Russia’s dirty tricks brigade, with their stunts and scare stories, failed again, just as they did in Moldova’s parliamentary elections in September 2025. The fulsome backing of the Trump administration, who saw Orbán as a like-minded rule-breaking illiberal, was either useless or outright counter-productive. Nor did the supposed economic benefits of Hungary’s special friendship with China sway the voters. 

The result is also a blow for the euro-pessimists, who fear that technological change and economic dislocation means that ruthless populists are destined to dance on the grave of liberal democracy. For a start, Orbán did not rig the election. And he swiftly conceded defeat. Despite erosion of media and other freedoms in Hungary under his rule, he still obeyed the most important rules of the democratic game. The firebrand liberal activist whom I so admired in the late 1980s has changed a lot. But perhaps not completely. 
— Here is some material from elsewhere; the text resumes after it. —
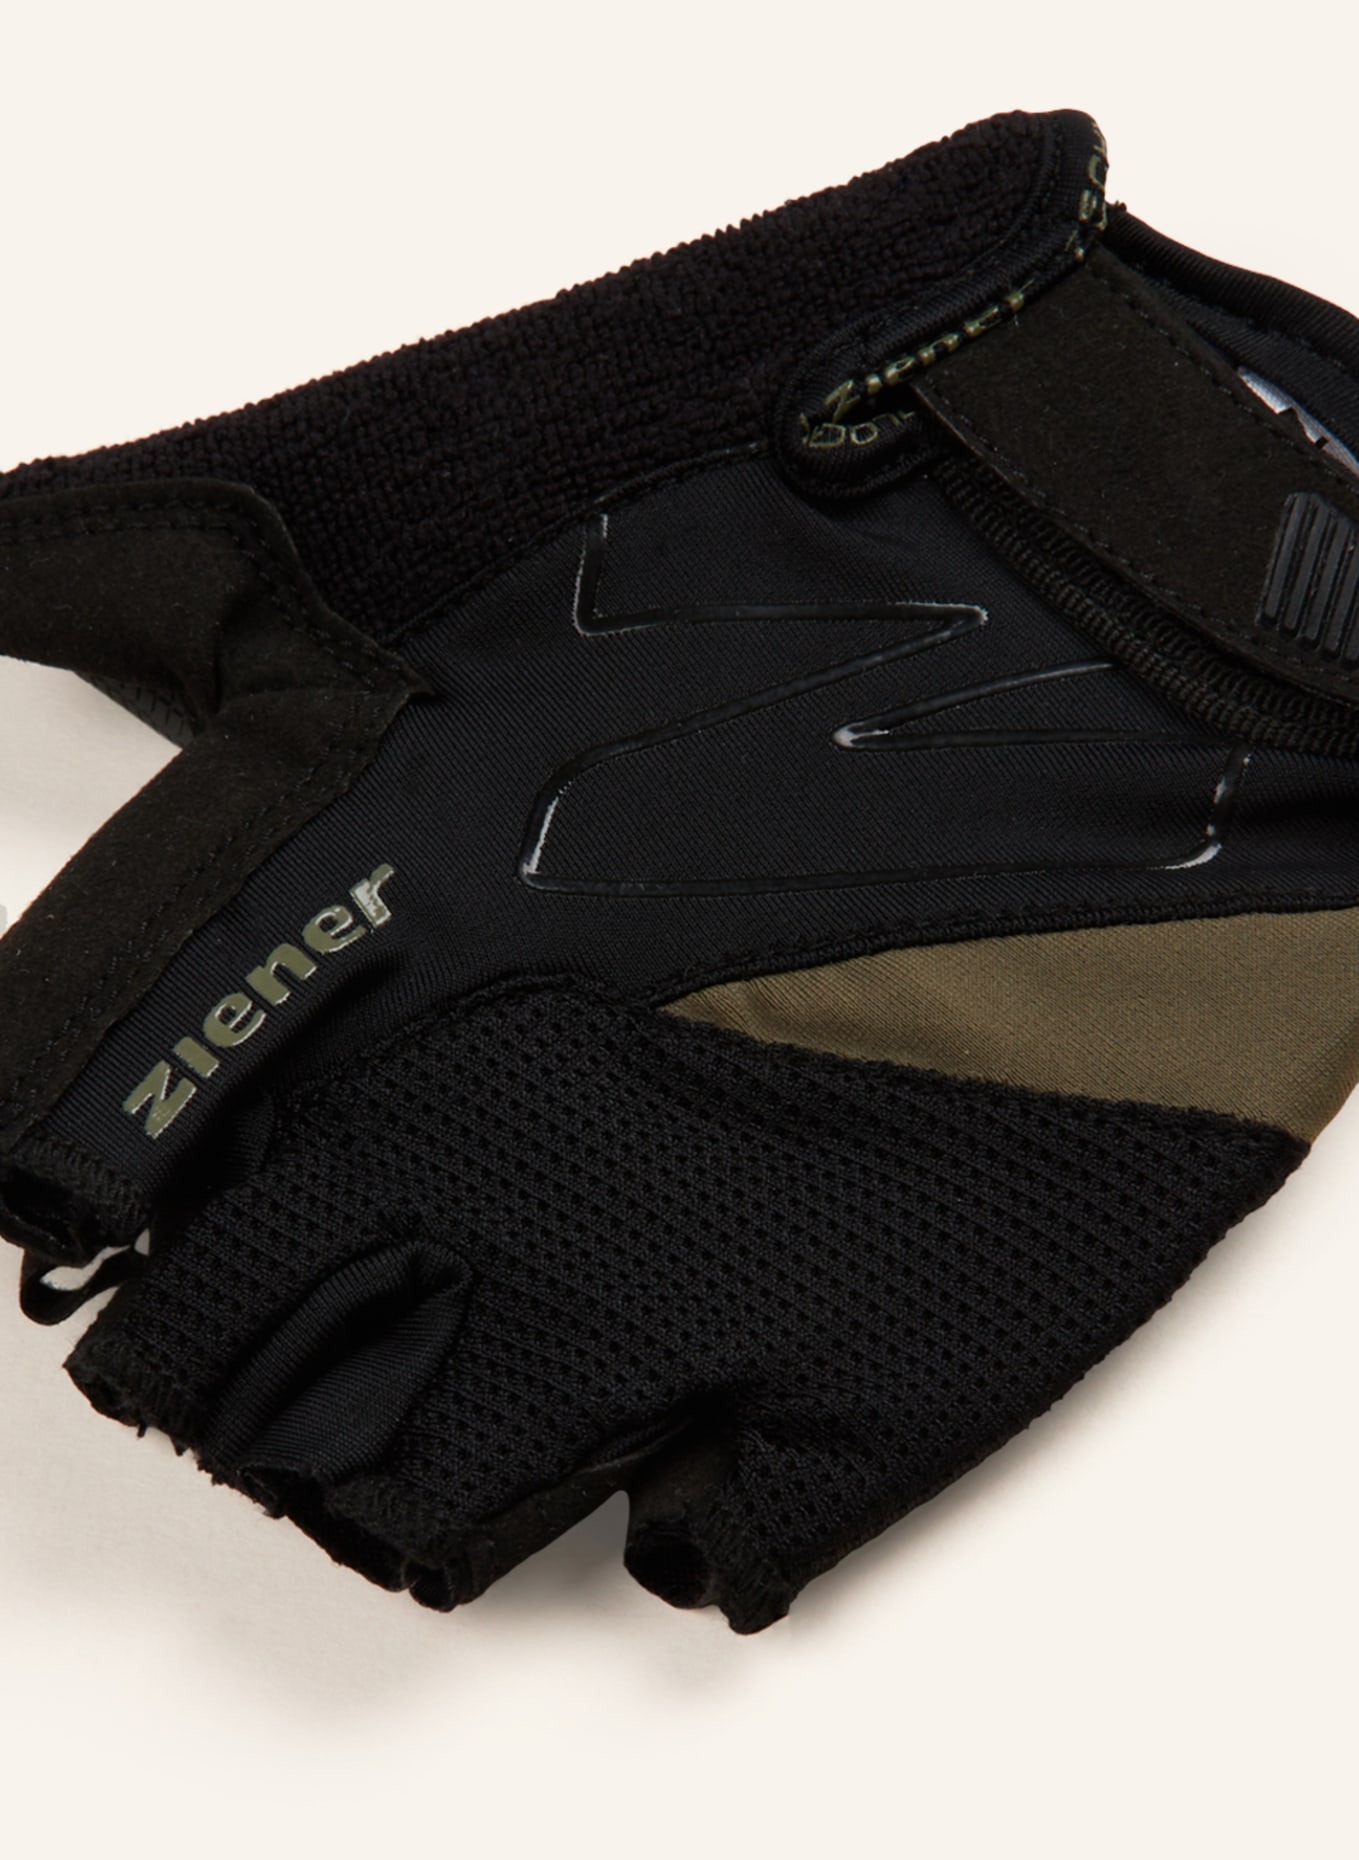 CRAVE ziener gloves khaki black/ in Cycling

The big lesson for pessimists is that campaigning is better than complaining. Orban won in previous elections chiefly because the opposition was disunited, discredited by its past performance, complacent and lazy. It preferred to fight the government through articles in sympathetic foreign media, rather than doing the hard work at home.

Orban has long exploited culture wars, anti-migrant sentiments and national paranoia. But these are not the only things that voters care about. His weakest point was his record. Hungary was becoming poorer. Public services were getting worse. Corruption was growing. The victorious opposition’s strongest point was not backing from Brussels (or Kyiv, or Davos), It was their eloquent, credible, hard-working leader, Péter Magyar and his hotshot team: watch out for the likely new foreign minister, Anita Orbán (no relation to Viktor). 

Hungary shows that when mainstream democratic forces get their act together, they can win. That lesson should resonate across Europe. It might even strike home in the United States.